The Consequences of Driving Cessation: Different Impacts for the Individual with Dementia and the Caregiver
Two major consequences of driving cessation that affect the individual are reported in the literature. There is a loss of the sense of independence and autonomy that is often associated with driving, while reduction in mobility may result in social isolation.
Feelings of autonomy and independence are often associated with driving, so that driving cessation often prompts depressive symptoms and a decrease in activity level (Marottoli, 1998). Having a spouse or relative who drives does not mitigate the emotional impact (Stearns, Sussman, and Skinner, 2004). Therefore, it appears that it is actual loss of the ability to drive that is associated with depressive symptoms, not just the social isolation that can come from a reduction in mobility. Moreover, individuals with dementia may lack the skills to cope with feelings of diminished self-worth and increasing dependency. A recommendation from a doctor to stop driving may be met with resistance or denial, partly because of patients’ inability to recognize the danger posed by continuing to drive and also because they may have lost the capacity to manage their emotional responses (Hunt, 2003). Not surprisingly, then, drivers with dementia may continue driving after they have been advised to stop or even after they have had a crash (Talbot et al., 2005). Patients with Alzheimer’s disease have reported that driving cessation is one of the most sensitive and difficult issues to discuss (Post, Whitehouse, and Fairhill, 1995). Because strong emotion so often surrounds the issue of driver cessation, the decision to stop driving is often unplanned and sudden (Adler and Kuskowski, 2003).
For individuals with Alzheimer’s disease, losing the ability to drive has varying effects on their ability to remain active in the community and to continue engaging in routine activities of daily living, such as shopping and going to medical appointments. In one study (Adler et al., 1999), 68 percent of Alzheimer’s patients and caregivers believed that driving cessation would inconvenience the individual with Alzheimer’s; however, just half of the caregivers believed it would inconvenience the family. These patients were less likely to be depended on to provide transportation for others and were mostly supported by caregivers who provided for their mobility needs. However, a 2004 AARP survey of the general aging population (Bailey, 2004) found that on any given day, 50 percent of nondrivers 65 and older stay at home because they lack transportation options. This can result in increased isolation from the community and can seriously impair the individual’s ability to age in place (U.S. Department of Transportation, 2003). Driving cessation restricts access to economic, social, and health care activities and services (Stearns, Sussman, and Skinner, 2004). Nondrivers on average make 15 percent fewer trips to the doctor and 65 percent fewer social trips than drivers do (Millar, 2005). There are often additional burdens of mobility loss, such as the increased cost of goods and services that must be delivered and the need either to find substitutes for inaccessible goods or go without them (U.S. Department of Transportation, 2004). Additional research is needed to get a better understanding of the impact of driving cessation on the social lives of people with Alzheimer’s.

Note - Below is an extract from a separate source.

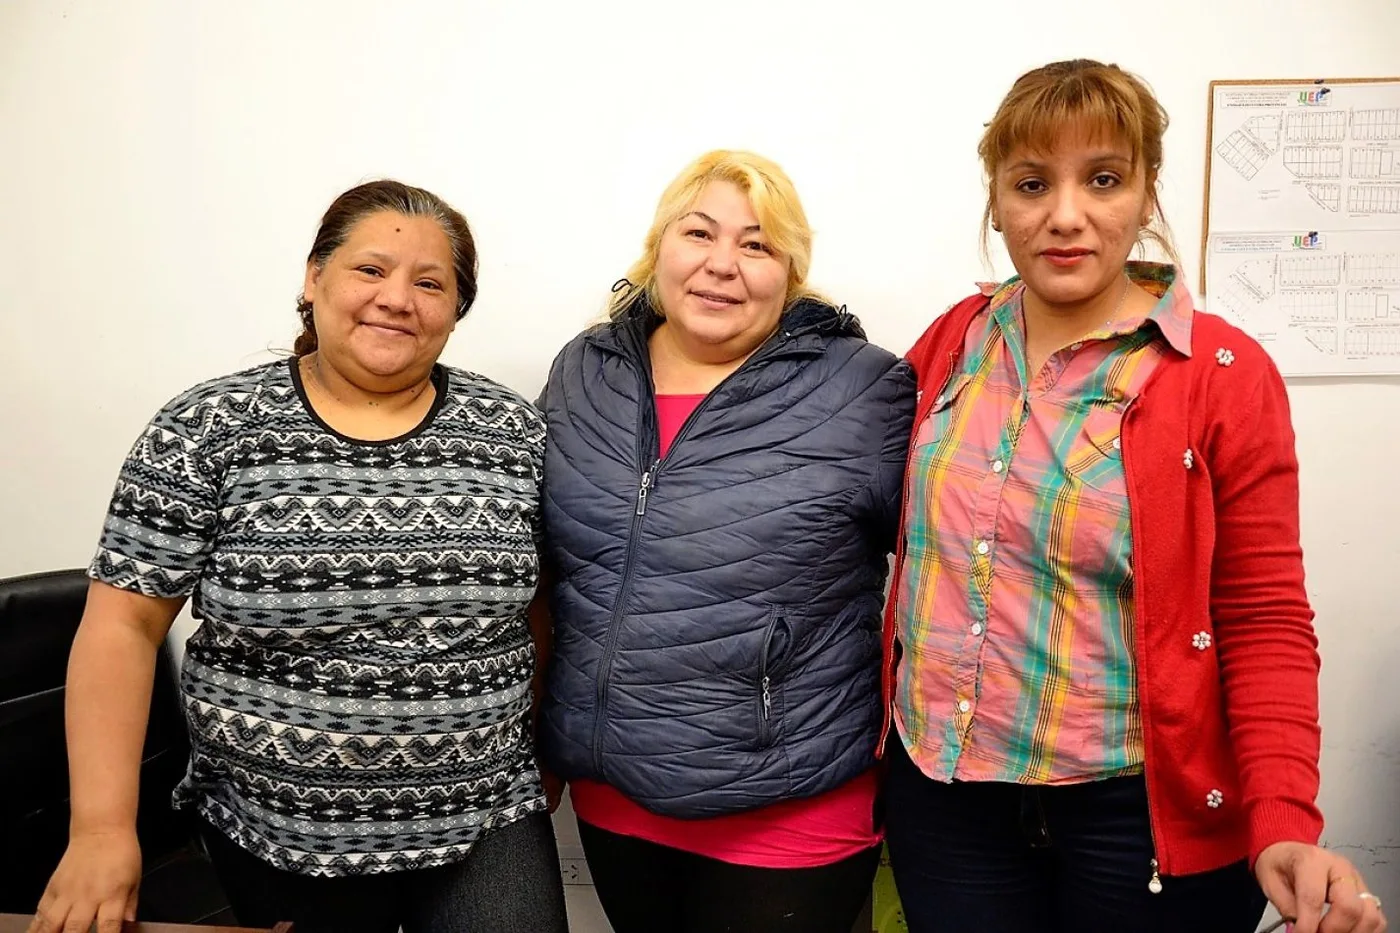 Ramona, en el centro, junto a Gladys y Paula, compañeras de trabajo quienes también colaboran con las tareas comunitarias que se llevan adelante en el

Driving cessation can affect the Alzheimer’s caregiver in many ways. They may need to provide transportation for the individual personally or arrange for transportation services, and the nondriving family member may also experience the loss of personal mobility if they were dependent upon the individual with dementia to drive.
With the cessation of driving, responsibility for community mobility of the individual with Alzheimer’s typically falls on family members. In one caregiver survey (Alzheimer's Association, 2005), 82 percent reported that they helped provide or arrange transportation for the affected family member. When individuals with dementia do stop driving, the majority of them depend on family members for transportation, with a very small percentage using public transportation such as Medivan or other paratransit services (Adler et al., 2000; Adler and Kuskowski, 2003).
Help with transportation is one of the most common instrumental activities of daily living (IADLs) assumed by Alzheimer’s caregivers (Alzheimer’s Association, 2005). Twenty-four percent of Alzheimer’s caregivers reported using an outside service to provide transportation for the care recipient, and 18 percent used a home-delivery service such as Meals on Wheels to provide meals. The Metlife Foundation found that nearly three-quarters of all caregivers who aided in transportation, shopping, cooking, and management of finances were spending about 22 hours per month to provide this help (National Alliance for Caregiving, 2004). Among caregivers who help arrange such services, 79 percent say that they need help in finding time for themselves, managing their stress, and balancing work and family responsibilities (National Alliance for Caregiving, 2004). It should be noted that transportation for such amenities as visiting others or going to the hairdresser were not included in the trips discussed, even though these have a positive impact on quality of life.
Caregivers are likely to be among the cohort of older women who depend upon spouses for their own transportation (Adler, Rottunda, Rasmussen, and Kuskowski, 2000). Future cohorts of women may be more likely to drive themselves. A study by Adler et al. (2000) found that transportation-dependent caregivers were less likely than nondependent caregivers to have a valid driver’s license. Moreover, even among those with licenses, some did not drive, and all reported driving significantly less than the individual with dementia. The most common reasons given for not driving included a lack of a driver’s license and medical impairments of their own.